Cisco Can’t Get No Respect

Cisco delivered strong earnings and guidance late Tuesday, but investors just couldn’t bring themselves to reward the networking giant.

Cisco lost 1% during Wednesday’s trading session, as investors ignored stellar results and instead fretted about rising inventories and whether a sequential decline in router revenues meant that Juniper was stealing high-end market share.

What it may come down to is that despite a strong report, Cisco remains richly valued, at 34 times earnings and seven times sales. And with earnings growth expected to slow over the next year, that could mean slow going for Cisco investors.

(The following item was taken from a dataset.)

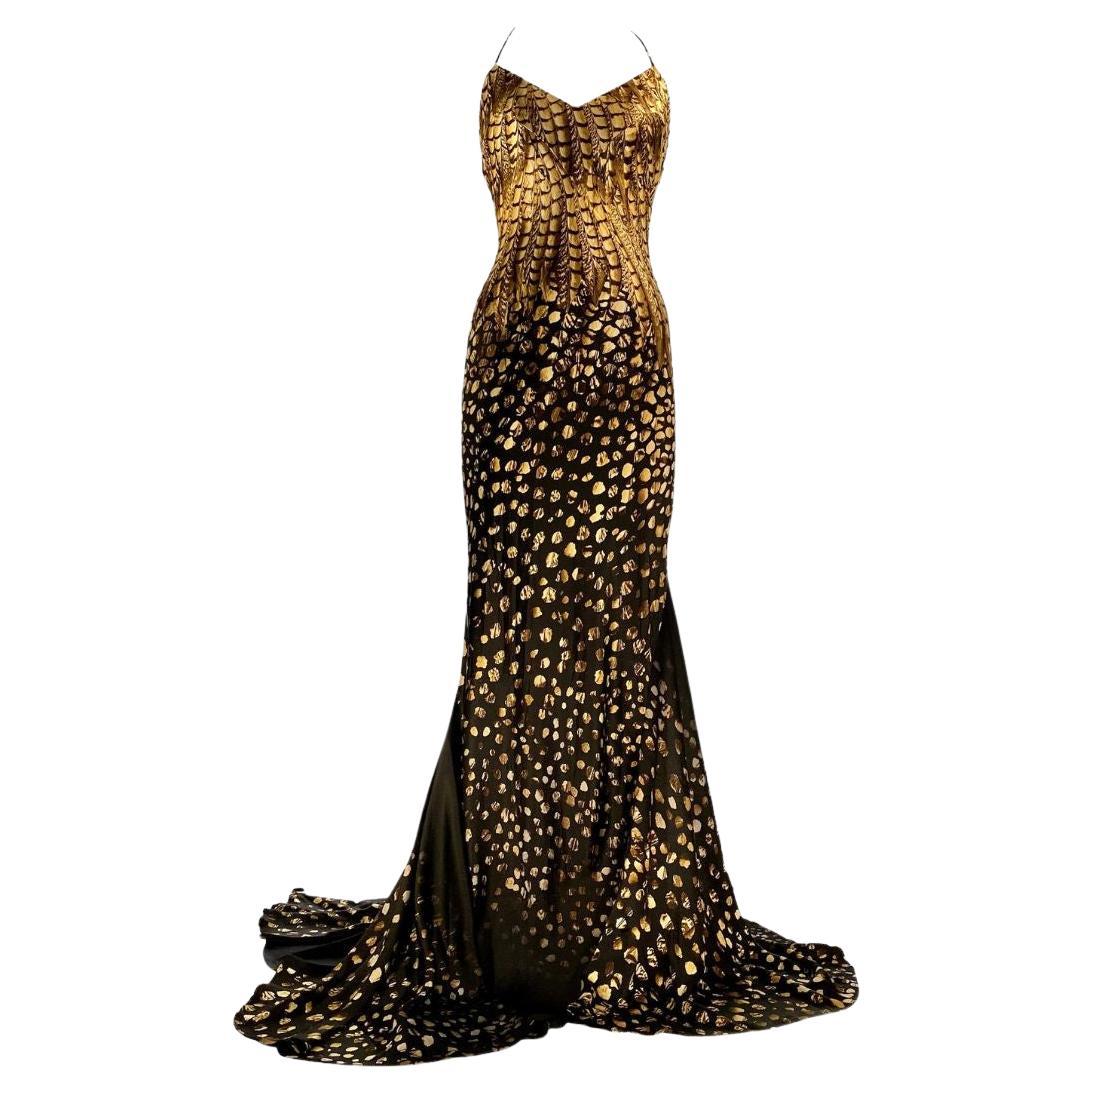 Discover more than 144 vintage designer gowns best

Stocks finished the day mixed, but that was a dramatic improvement from the steep declines the indexes were in just two hours before the market closed.

The Nasdaq lost 5 to 1925, the S&P 500 added 1 to 1097, and the Dow climbed 25 to 10,045. Volume rose to 1.7 billion shares on the NYSE, and 1.89 billion on the Nasdaq. Advancers led 17-15 on the NYSE, but decliners led 17-14 on the Nasdaq. Upside volume was 52% on the NYSE, and 37% on the Nasdaq. New highs-new lows were 8-208 on the NYSE, and 21-100 on the Nasdaq.

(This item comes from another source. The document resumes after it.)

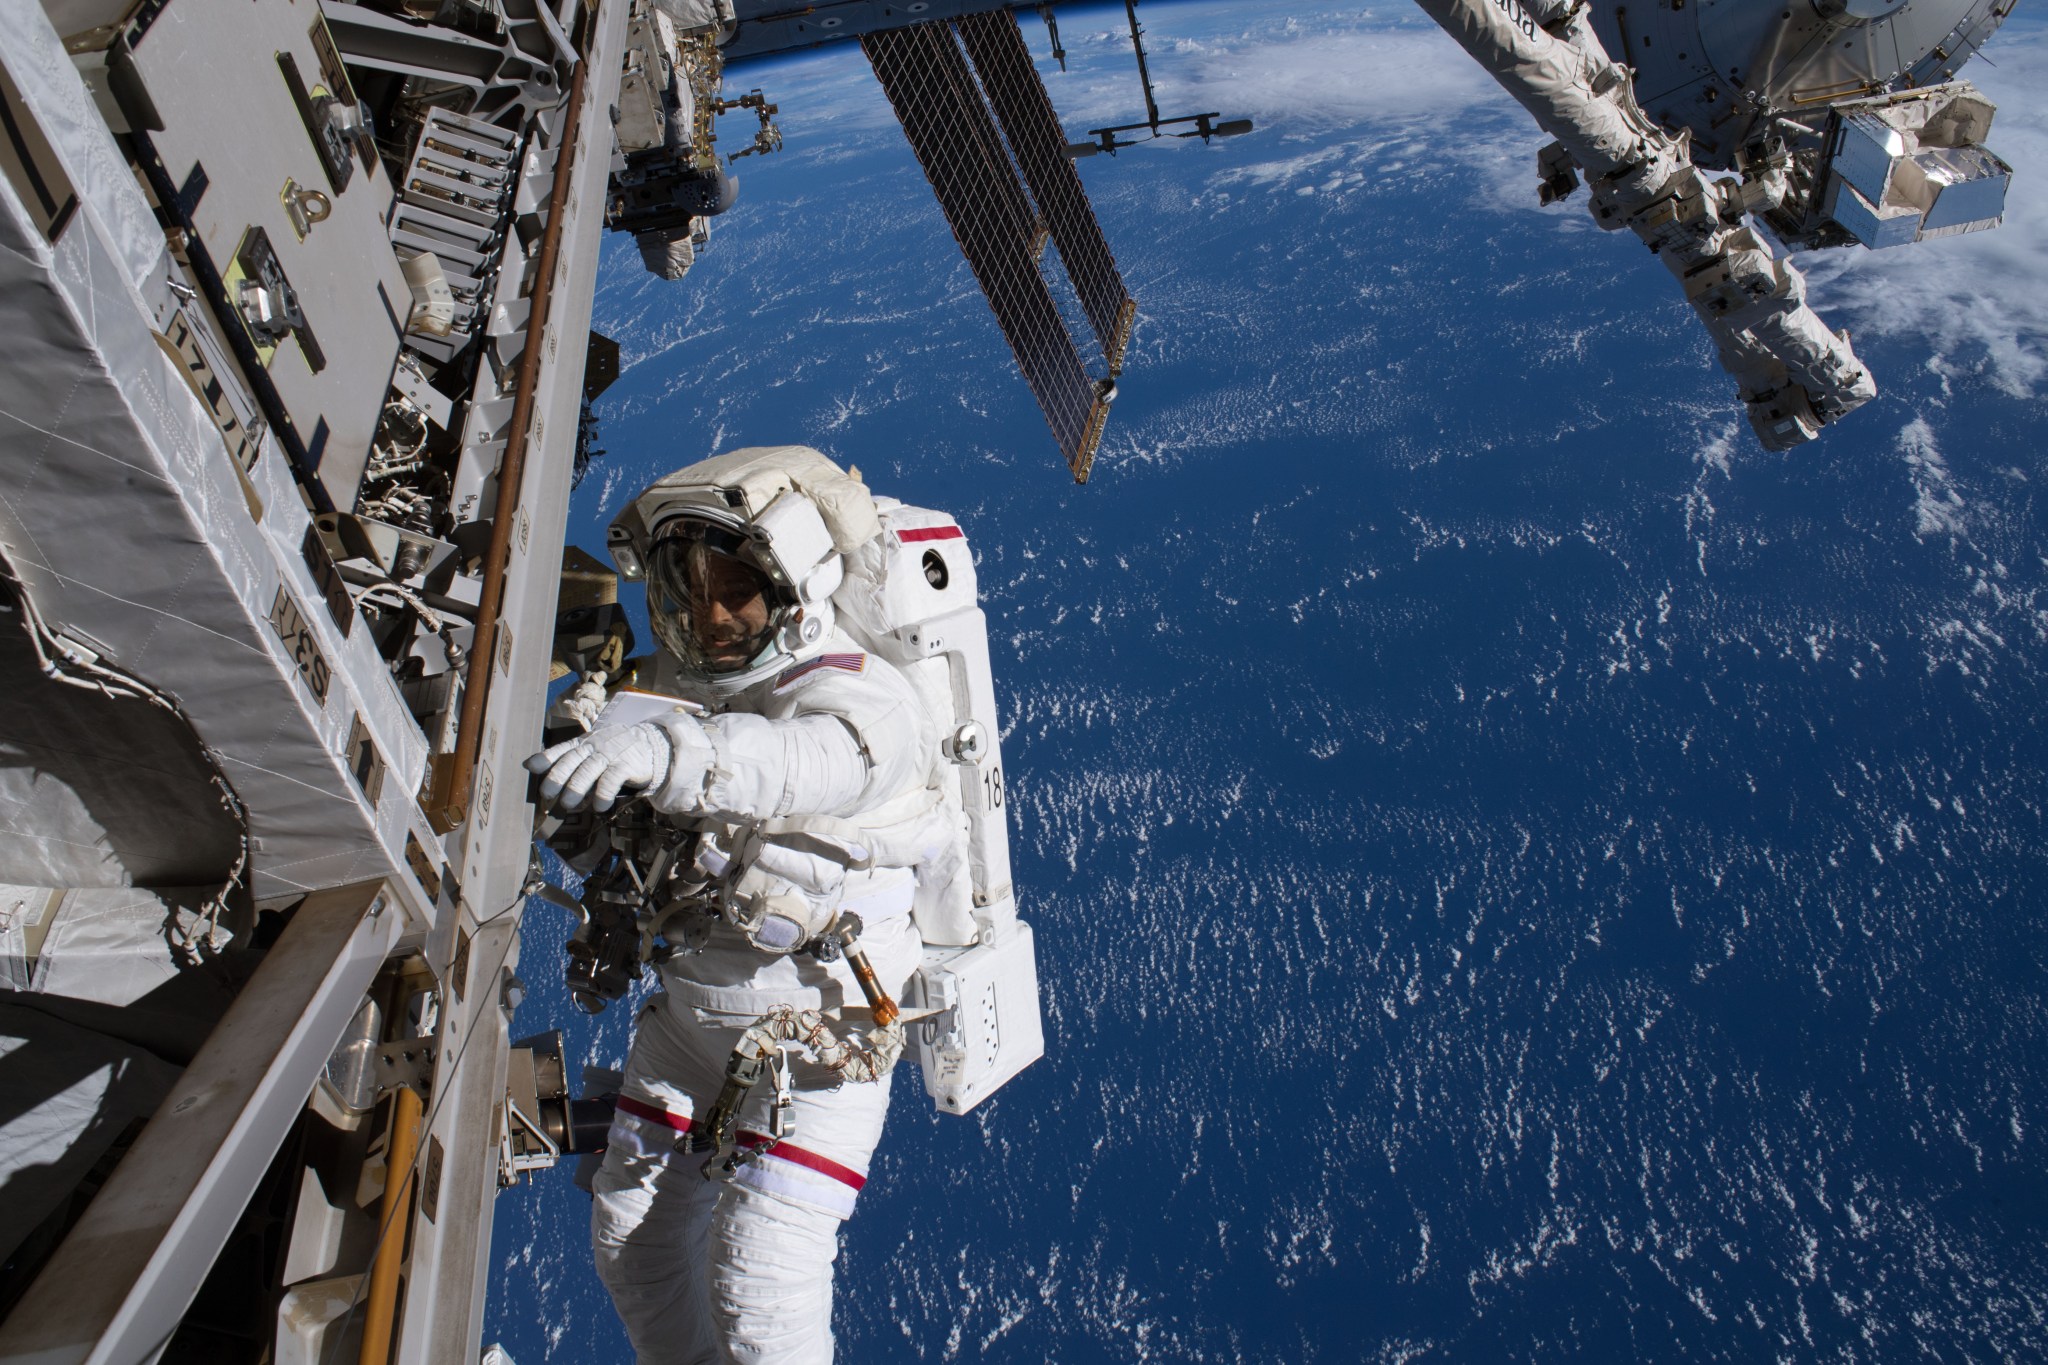 NASA Expedition 56 astronaut Ricky Arnold

After the close, Mamma.com blew past estimates with earnings of 13 cents a share.

During the day, Red Envelope fell 10% on its earnings report, but Sycamore gained 3% on its results.

Wireless Facilities rose 3% on a Defense Department contract.

Qualcomm slipped despite raising guidance.

Novell gained 3% on Linux plans.

AT&T edged higher on a contract with Lockheed Martin.